A Basic Implementation
In a simple version of the memory network, input text is just written to memory in unaltered form. Or in other words, [math]\displaystyle{ \ I(x) }[/math] simply returns x, and [math]\displaystyle{ \ G }[/math] writes this text to a new memory slot [math]\displaystyle{ \ m_{N+1} }[/math] if [math]\displaystyle{ \ N }[/math] is the number of currently filled slots. The memory is accordingly an array of strings, and the inclusion of a new string does nothing to modify existing strings.
Given as much, most of the work being done by the model is performed by the functions [math]\displaystyle{ \ O }[/math] and [math]\displaystyle{ \ R }[/math]. The job of [math]\displaystyle{ \ O }[/math] is to produce an output feature representation by selecting [math]\displaystyle{ \ k }[/math] supporting memories from [math]\displaystyle{ \ m }[/math] on the basis of the input x. In the experiments described in this paper, k is set to either 1 or 2. In the case that k=1, [math]\displaystyle{ \ O }[/math] behaves as follows:
- [math]\displaystyle{ \ o_1 = O_1(x, m) = argmax_{i = 1 ... N} S_O(x, m_i) }[/math]
where [math]\displaystyle{ \ S_O }[/math] is a function that scores a candidate memory for its compatibility with x. Essentially, one 'supporting' memory is selected from [math]\displaystyle{ \ m }[/math] as being most likely to contain the information needed to answer the question posed in [math]\displaystyle{ \ x }[/math]. In this case, the output is [math]\displaystyle{ \ o_1 = [x, m_{o_1}] }[/math], or a list containing the input question and one supporting memory. Alternatively, in the case that k=2, a second supporting memory is selected on the basis of the input and the first supporting memory as follows:
- [math]\displaystyle{ \ o_2 = O_2(x, m) = argmax_{i = 1 ... N} S_O([x, m_{o_1}], m_i) }[/math]

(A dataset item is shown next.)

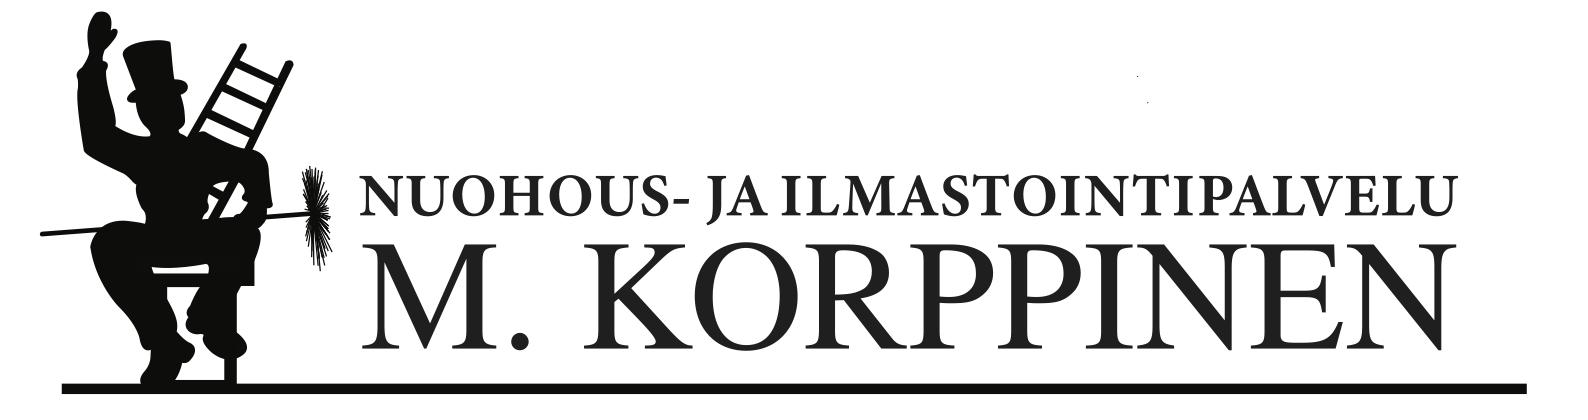 M. Korppinen Nuohous - ja ilmastointipalvelu
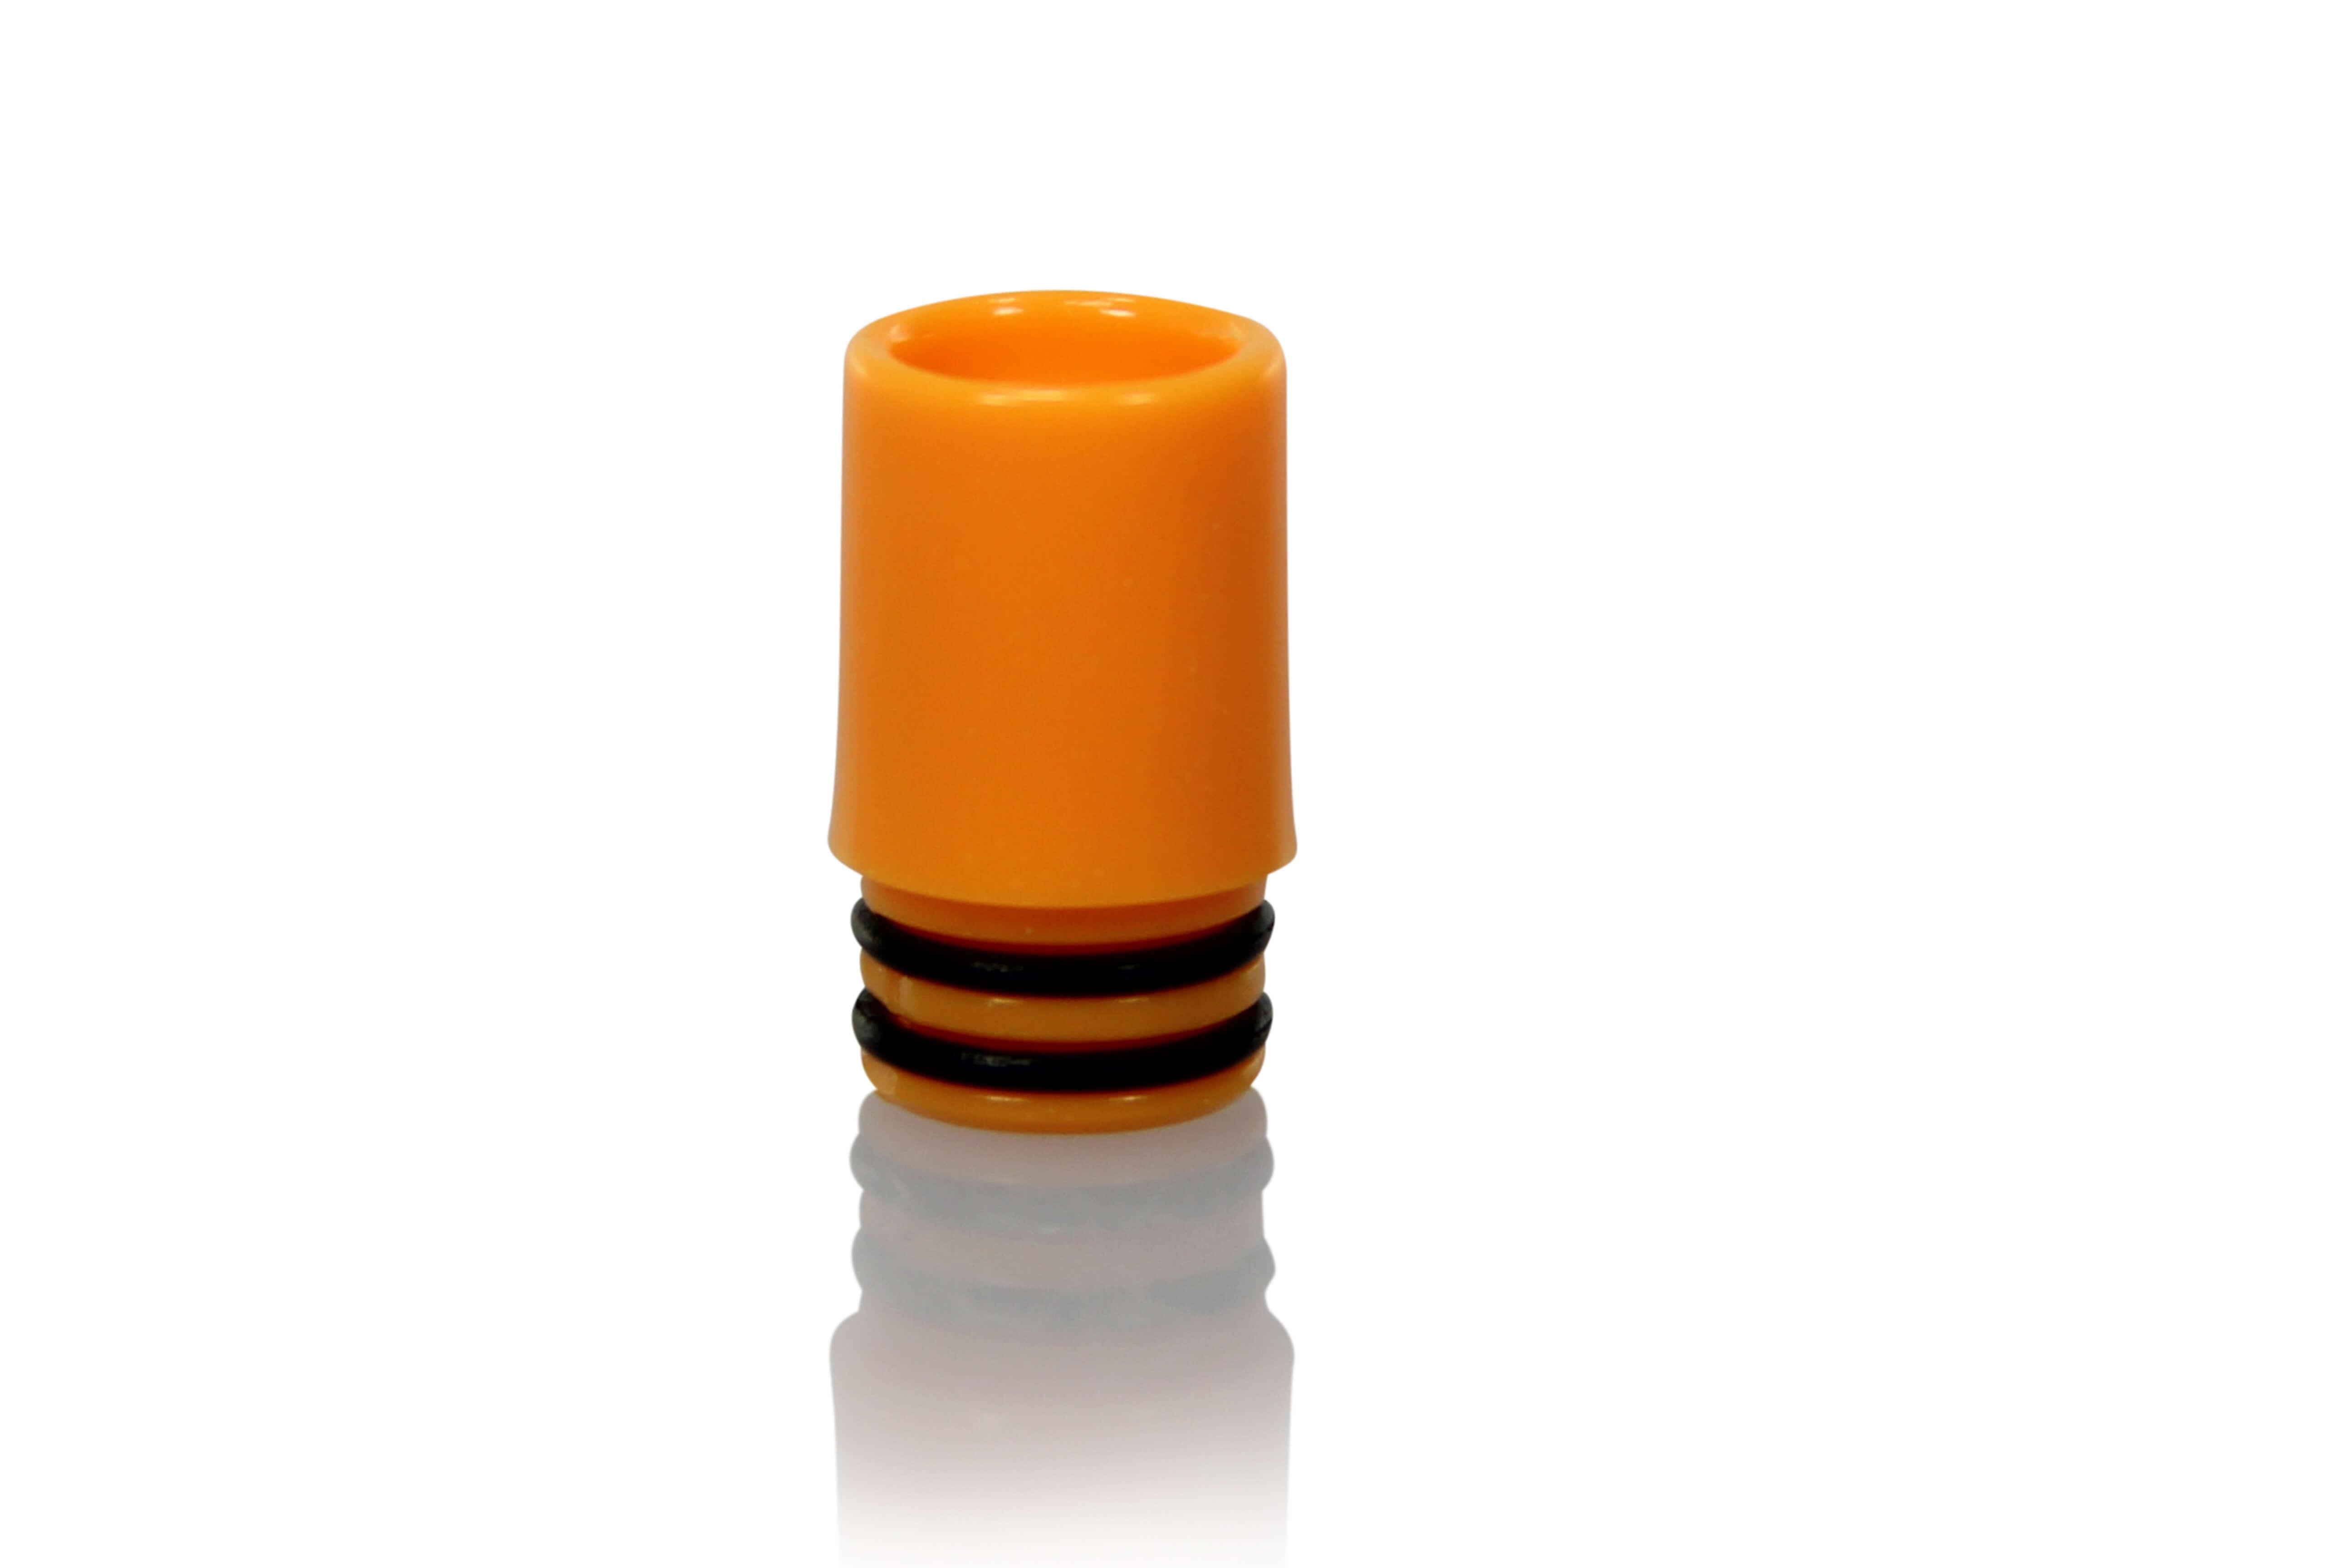 InnoCigs Spiral Mundstück orange (5 Stück pro Packung)

Now, the overall output is [math]\displaystyle{ \ o_2 = [x, m_{o_1}, m_{o_2}] }[/math]. (These lists are translated into feature representations as described below). Finally, the result of [math]\displaystyle{ \ O }[/math] is used to produce a response in the form of a single word via [math]\displaystyle{ \ R }[/math] as follows:
- [math]\displaystyle{ \ r = argmax_{w \epsilon W} S_R([x, m_{o_1}, m_{o_2}], w) }[/math]
In short, a response is produced by scoring each word in a set of candidate words against the representation produced by the combination of the input and the two supporting words. The highest scoring candidate word is then chosen as the model's output. The learned portions of [math]\displaystyle{ \ O }[/math] and [math]\displaystyle{ \ R }[/math] are the parameters of the functions [math]\displaystyle{ \ S_O }[/math] and [math]\displaystyle{ \ S_R }[/math], which perform embeddings of the raw text constituting each function argument, and then return the dot product of these two embeddings as a score. Formally, the function [math]\displaystyle{ \ S_O }[/math] can be defined as follows; [math]\displaystyle{ \ S_R }[/math] is defined analogously:
- [math]\displaystyle{ \ S_O(x, y) = \Phi_x(x)^T U^T U \Phi_y(y) }[/math]